Step onto the Trains

May 27, 2020

An overview of the mechanics behind Allegro AI’s next-generation experiment management platform


The mechanics behind Allegro AI’s next-generation experiment management platform

Allegro Trains is designed to make ML / DL experiment management smooth, painless, and free of heavy DevOps overhead, as well as to introduce collaboration and automatic documentation into built-in components of the development process. Here is our earlier post outlining the Six Key Benefits of working with Trains.

Trains Agent is an AI experiment cluster solution – a zero configuration fire-and-forget execution agent, which, combined with trains-server, provides a full AI cluster solution.Trains Agent enables data scientists (or DevOps) to control execution of machine/deep learning experiments with minimal effort, eliminating the inevitable conflict and ensuring a seamless development-to-training process. This post highlights the benefits you gain by using Trains Agent and describes how the Allegro Trains package and Allegro Trains Agent combine to optimize your workflow.

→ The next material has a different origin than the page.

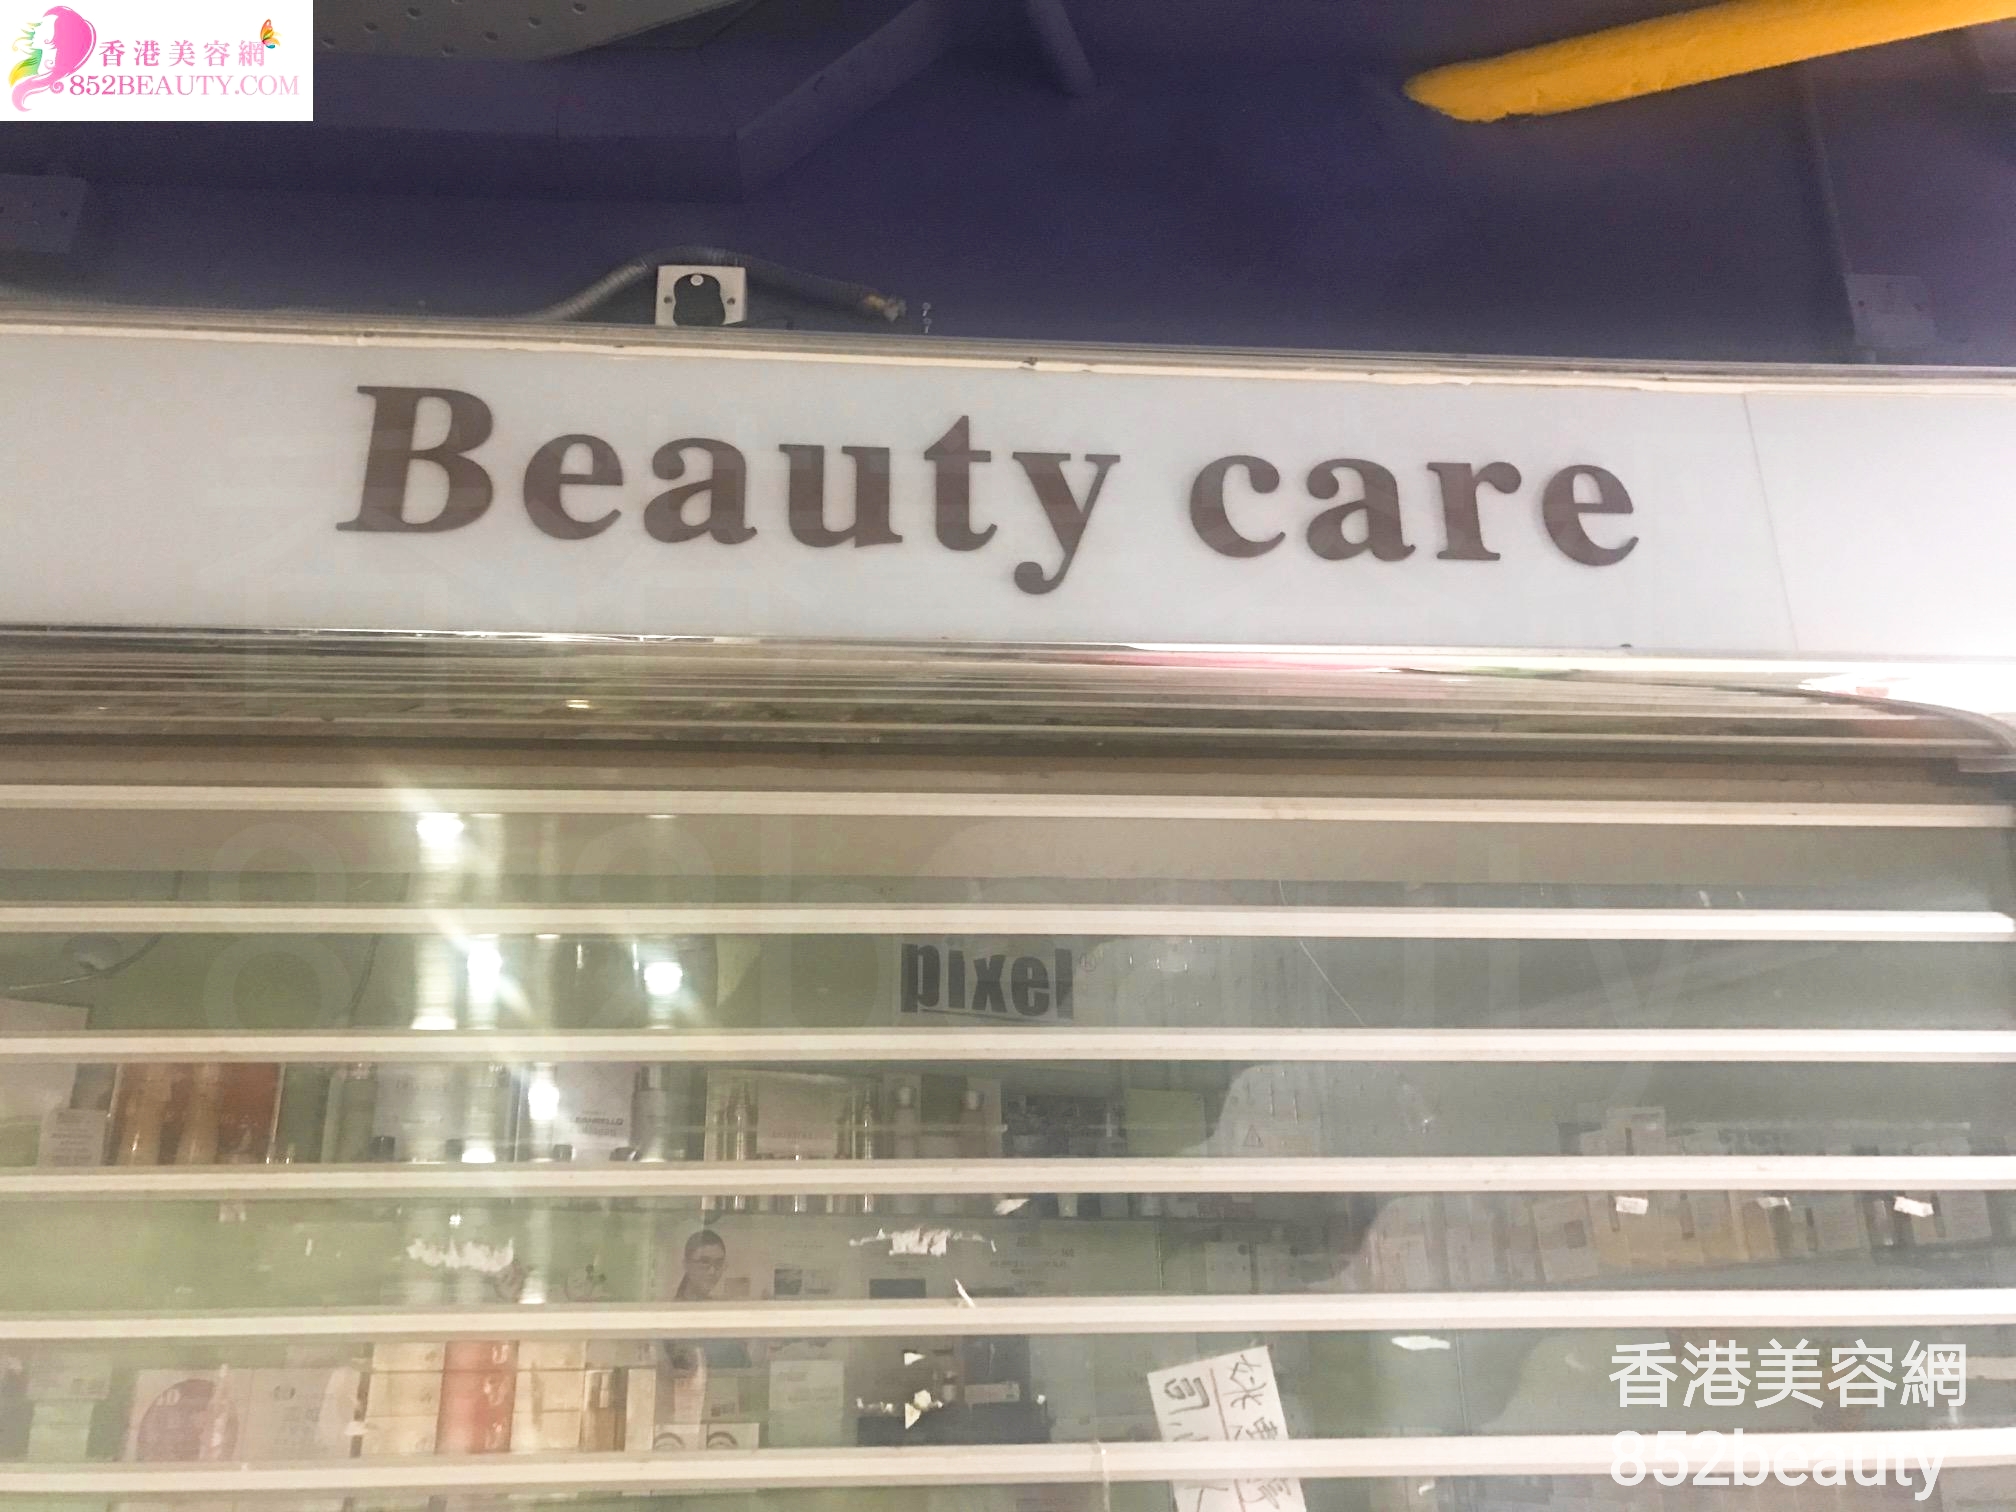 Facial Care: Beauty care

Stage One – Code Development & Debugging

This initial code development stage is where you write, run and debug your code on your development machine, as you would normally. This stage is all about correctness;the goal is to make sure that the code executes properly so  the model can start training as expected.

(The code execution already integrated with Trains will create an experiment in the Web-UI. This experiment instance will store the execution environment configuration together with the real-time collection of the run itself (stdout, matplotlib, Tensorboard, graphs, etc.)


Stage Two – Remote execution

You obviously execute and monitor an entire model training session manually, but you’d probably prefer to launch it on another machine as quickly as possible, so you can more efficiently continue developing your code on your own machine.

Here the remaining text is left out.